Juscelino atuou de acordo com as características e as estratégias de sua personalidade. Vou destacar algumas. A primeira é Mundo-Brasil.

5. Relação Brasil-Mundo em JK

Juscelino foi um homem atento ao mundo. Nos anos 1930, logo após a sua formatura em Medicina, estudou em Paris e viajou pela Europa e pelo Oriente. Em 1948, esteve no Canadá e nos Estados Unidos e lá deu-se conta do impacto e significado da industrialização.

Com isso em mente, logo após a eleição e antes da posse, como presidente eleito, fez uma viagem aos Estados Unidos e à Europa.
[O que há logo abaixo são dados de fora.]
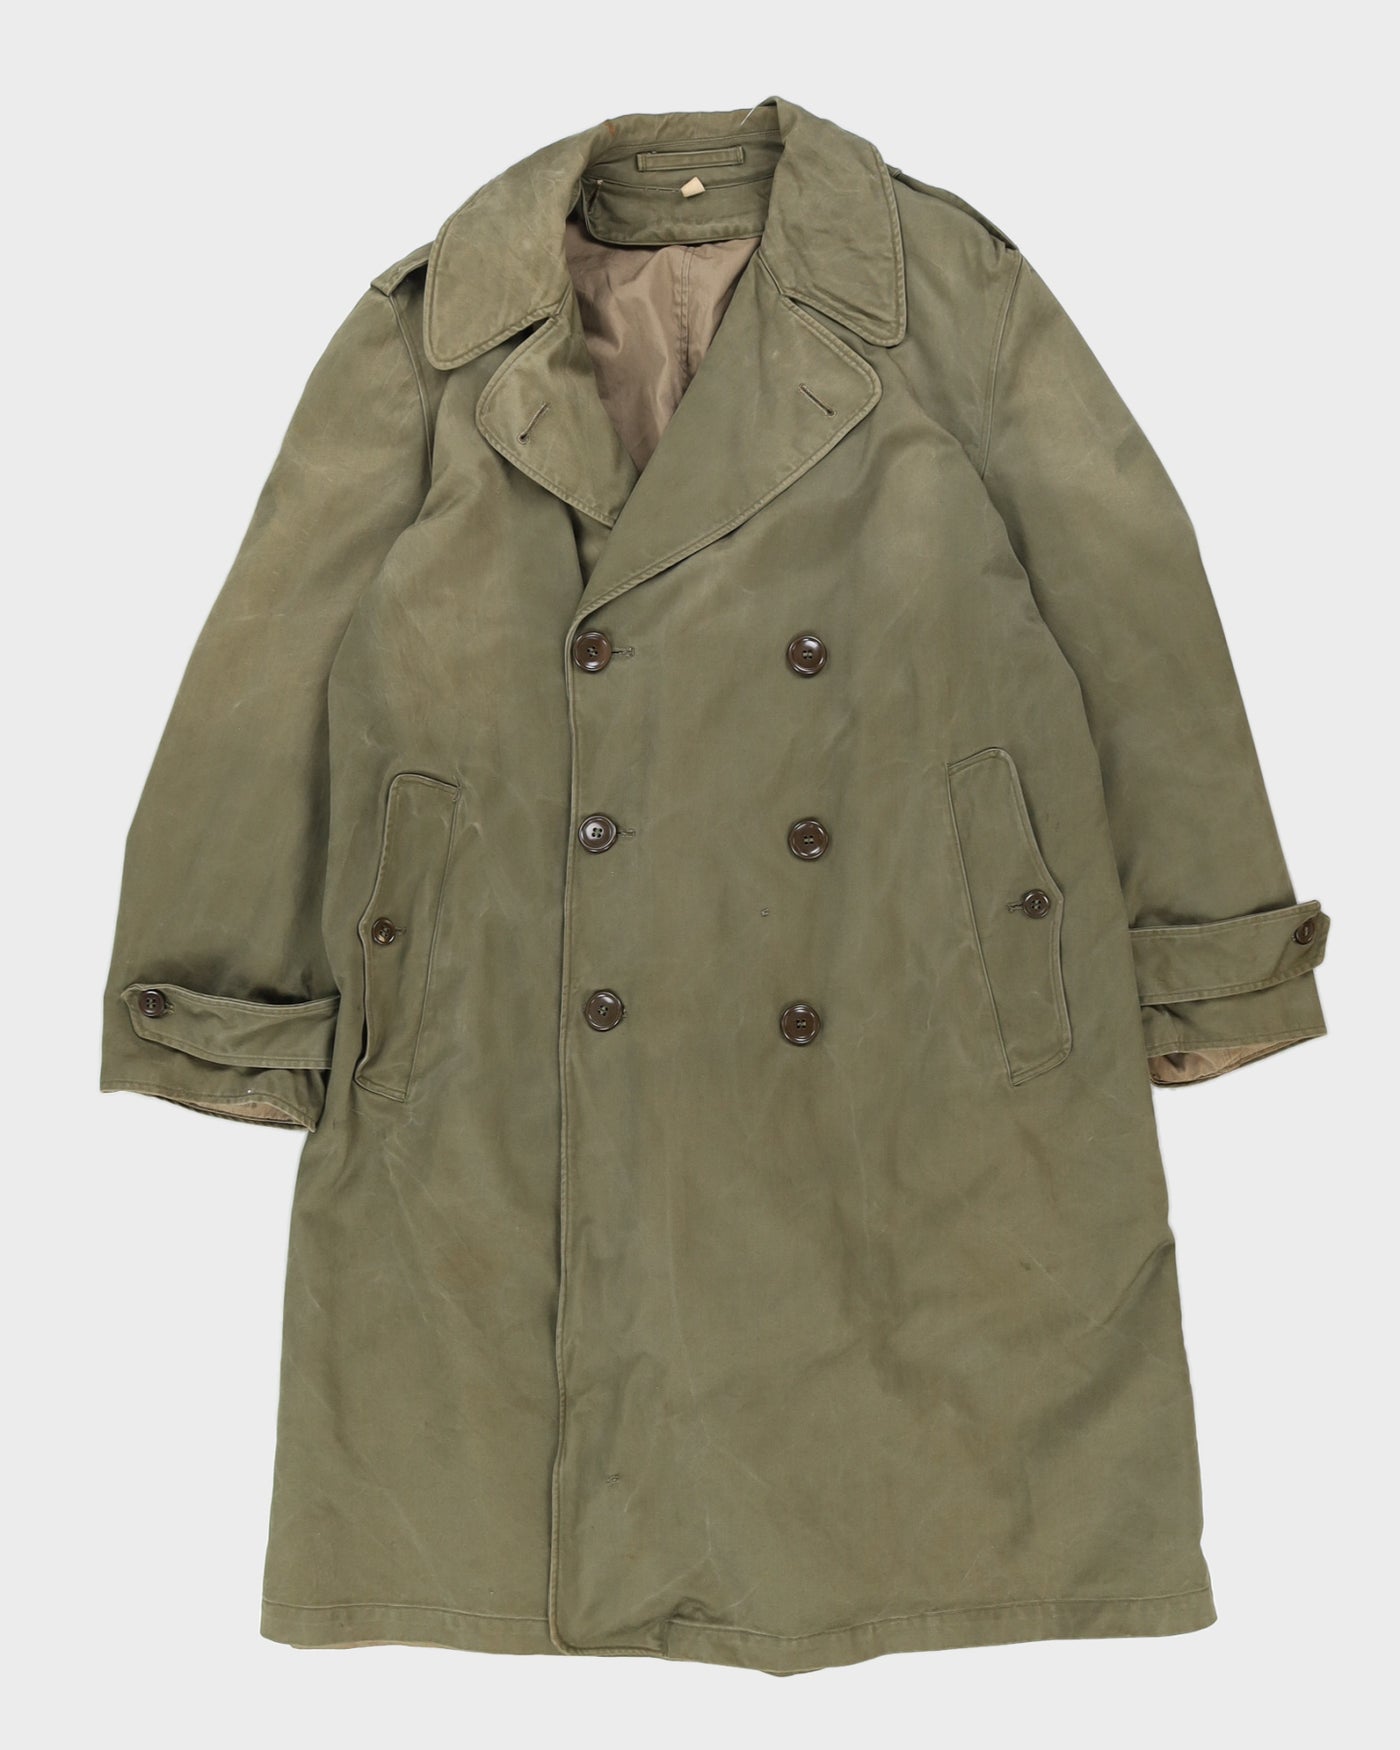 Gucci Classic Double-Breasted Light Trench Coat Military Green

Foi uma viagem organizada pelo Itamaraty com o preparo de position

papers, sendo um dos grandes responsáveis o Embaixador Edmundo Barbosa da Silva, que é

considerado, com razão, um dos responsáveis pela institucionalização da qualidade da diplomacia econômica do Brasil. Essa viagem significou também a possibilidade de relacionar-se com estadistas de múltiplas experiências políticas: esteve, por exemplo, com Eisenhower na Flórida, além do contato com grandes líderes empresariais e figuras públicas da Europa.

O Presidente transmitiu os propósitos do Programa de Metas, com uma mensagem de otimismo sobre o futuro do Brasil. Beneficiou-se nessa interação do diálogo com qualificados interlocutores para atualizar-se sobre o andamento da vida internacional. Foi para JK uma oportunidade não só de transmitir uma mensagem sobre o Brasil, mas de ter as suas antenas aprimoradas em relação àquilo que se passava pelo mundo. Desincumbiu-se de uma missão fundamental: sinalizar a abertura do Brasil para o mundo.

Nesse sentido, trilhou o caminho da diversificação das fontes externas do investimento e do financiamento, não só dos Estados Unidos, mas da Europa, já recuperada economicame nte nos anos 50 depois do término da guerra, e também do Japão, igualmente recuperado da guerra. Japão foi uma iniciativa de Lucas Lopes - que fez a primeira viagem para aquele país do Oriente de um personagem brasileiro de status ministerial após a guerra.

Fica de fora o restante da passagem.